AIM OF THE TASK
Pull every line of the entries that has the word "Photo".

*** RECORDS FOR THIS TASK ***

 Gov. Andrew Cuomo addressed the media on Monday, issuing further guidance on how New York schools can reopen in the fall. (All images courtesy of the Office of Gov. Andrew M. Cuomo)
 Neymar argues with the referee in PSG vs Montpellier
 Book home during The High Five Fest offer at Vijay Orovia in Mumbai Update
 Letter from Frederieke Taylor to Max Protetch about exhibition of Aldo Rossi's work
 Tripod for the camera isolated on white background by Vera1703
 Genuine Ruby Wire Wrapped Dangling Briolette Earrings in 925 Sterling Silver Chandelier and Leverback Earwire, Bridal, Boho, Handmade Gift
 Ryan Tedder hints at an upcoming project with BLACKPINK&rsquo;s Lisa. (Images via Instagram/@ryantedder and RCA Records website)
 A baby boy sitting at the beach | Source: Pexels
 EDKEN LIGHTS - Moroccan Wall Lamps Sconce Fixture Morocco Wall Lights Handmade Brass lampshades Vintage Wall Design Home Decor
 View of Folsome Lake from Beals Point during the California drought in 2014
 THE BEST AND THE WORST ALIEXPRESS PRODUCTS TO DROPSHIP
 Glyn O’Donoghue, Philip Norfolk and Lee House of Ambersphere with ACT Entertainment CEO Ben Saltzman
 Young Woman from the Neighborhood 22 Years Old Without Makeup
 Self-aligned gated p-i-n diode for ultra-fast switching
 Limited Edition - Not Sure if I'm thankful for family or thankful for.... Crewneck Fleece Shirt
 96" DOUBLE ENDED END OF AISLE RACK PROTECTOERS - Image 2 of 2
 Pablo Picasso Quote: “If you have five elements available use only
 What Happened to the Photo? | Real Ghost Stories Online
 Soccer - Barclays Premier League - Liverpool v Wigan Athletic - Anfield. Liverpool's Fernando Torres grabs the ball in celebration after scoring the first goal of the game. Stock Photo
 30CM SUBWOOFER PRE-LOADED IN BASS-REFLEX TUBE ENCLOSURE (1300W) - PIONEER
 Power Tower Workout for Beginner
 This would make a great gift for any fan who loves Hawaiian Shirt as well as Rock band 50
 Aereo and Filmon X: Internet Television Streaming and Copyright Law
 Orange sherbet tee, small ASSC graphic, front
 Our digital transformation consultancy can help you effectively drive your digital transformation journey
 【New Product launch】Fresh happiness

*** End of RECORDS FOR THIS TASK ***

RESPONSE TO THIS EXERCISE
 What Happened to the Photo? | Real Ghost Stories Online
 Soccer - Barclays Premier League - Liverpool v Wigan Athletic - Anfield. Liverpool's Fernando Torres grabs the ball in celebration after scoring the first goal of the game. Stock Photo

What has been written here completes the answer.